己の現在地と傾向を知って使う力をアップグレード
「お金を使うことなら得意です!」という人は多いかもしれないが、いくら頑張って稼いでも、間違ったお金の使い方をしていたら、いつまで経ってもお金は貯まらず、増やすことなど夢のまた夢。マネーセンスを磨くには、使い方のトレーニングが必須なのだ。
同じお金を使うという行為でも、支出には「浪費」「消費」「投資」の3種類がある。「浪費」はシンプルに無駄遣い、「消費」は生活に不可欠な出費、「投資」は将来価値が高まるものや、自分の価値向上につながるものへの出費を指す。自分が日々使っているお金は、そのうちのどれにあたるのか、その境界線をはっきりさせ、自覚することが、センスのいいお金の使い方を身につけるファーストステップとなる。
今回は意識を傾向別に4つのレベルに分けて解説しているが、これはお金の教養を増やし、日々の意識変革をすることで確実に向上していけるもの。自分が今どのレベルに位置しているかを把握し、レベルアップを目指そう。
あなたはどのタイプ?お金の意識レベルチェック
LEVEL 1 浪費タイプ
情報に流されがち。
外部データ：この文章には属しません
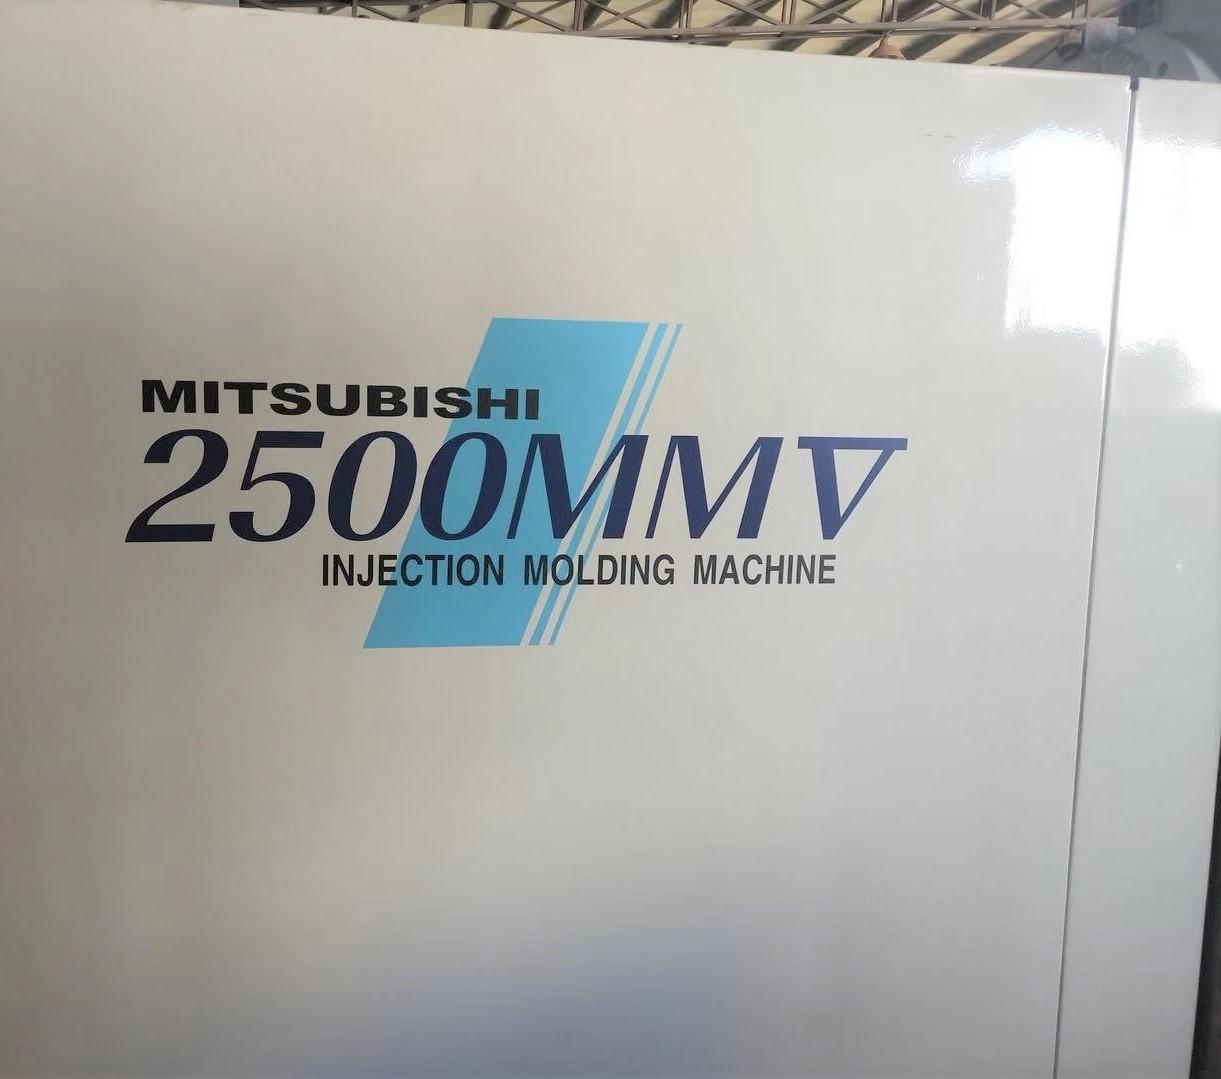 Mitsubishi 2500t used Plastic Injection Molding Machine

何に使っているかわからない!

無駄遣いが習慣化している「浪費」タイプは、なくても生きていけるモノやサービスにお金を使い、結局それを活用できなかったり、金額に見合った価値が得られなかったりして後悔してばかり。「欲しい!」と思ったら衝動的に買うことが当たり前で、持っている額以上のお金を使ってしまうことも。「1つ買ったらもう1つ無料」などの謳い文句に弱く、ネットのクチコミもすぐに信じがち。
そんな人は、まずはその買い物が「本当に」「今」「自分に」必要なのかを、主体的に考えるクセをつけること。毎月、自分が何にどれくらい使ったかを把握し、振り返ることから始めよう。
LEVEL 2 消費タイプ
支出コントロールはバッチリ。使うべきところに使える堅実派

「消費」とは、家賃や食費といった毎日の生活のために不可欠な支出。それらは使った分だけの利便性や満足度を得られるものでもある。「必要なもの」と「欲しいもの」を区別し、無駄なく冷静に買い物できるのがこのタイプ。ただ、あまりに堅実かつストイックに最低限の消費を削ろうとすると、節約優先の姿勢が表に出すぎてしまい、結果周囲の信頼を失ってしまうことも……。
節約することで得られるリターンと損失を天秤にかけ、慎重に判断することも重要だ。人生を豊かにする体験など、消費以外の部分にもお金を使うようになれたら、さらにレベルアップできる。
LEVEL 3 慧眼タイプ
モノやサービスの本質を見抜く。お金を使うことで生活が活性化

同じ「消費」の範疇(はんちゅう)でも、モノやサービスの本質的な価値を自らの判断で見極められるのがこのタイプ。市場価値よりもお得な価格で良質な購買ができるため、お金を使うことで生活がより生き生きとし、それが習慣化されている状態だ。
日頃から情報収集を怠らず、リテラシーも高いため、自分のニーズと商品の価値を照らし合わせて最良の選択をすることができる。モノに加えて体験や経験も自己資産と捉え、スキルアップや感性向上につながることに積極的にお金を使える一面も。家事の外注など「時間をお金で買う」という発想も併せ持てれば、生活の質がさらに向上する。
LEVEL 4 循環タイプ
他者に与えられるエンジェル型。長期の安定&社会還元も行う

自分自身の支出管理は問題なし。投資など、お金を使うことで人生をバージョンアップさせていく教養と能力を持つ。「流行っているから良い」など相対的な価値観に左右されず自分軸でお金を使う判断ができ、自分の人生を豊かにする時間や体験にお金を投じることが、より多くなる。
自分だけではなく、社会や地域に新しい価値を提供したいと思う傾向が強くなり、その経験を通し他者に“与える”ことで自分の心も社会も豊かになるという「循環」を知る。ギフトの精神があると自然とお金が集まってくるので、このレベルに達すると、将来のお金の心配はほぼなくなる。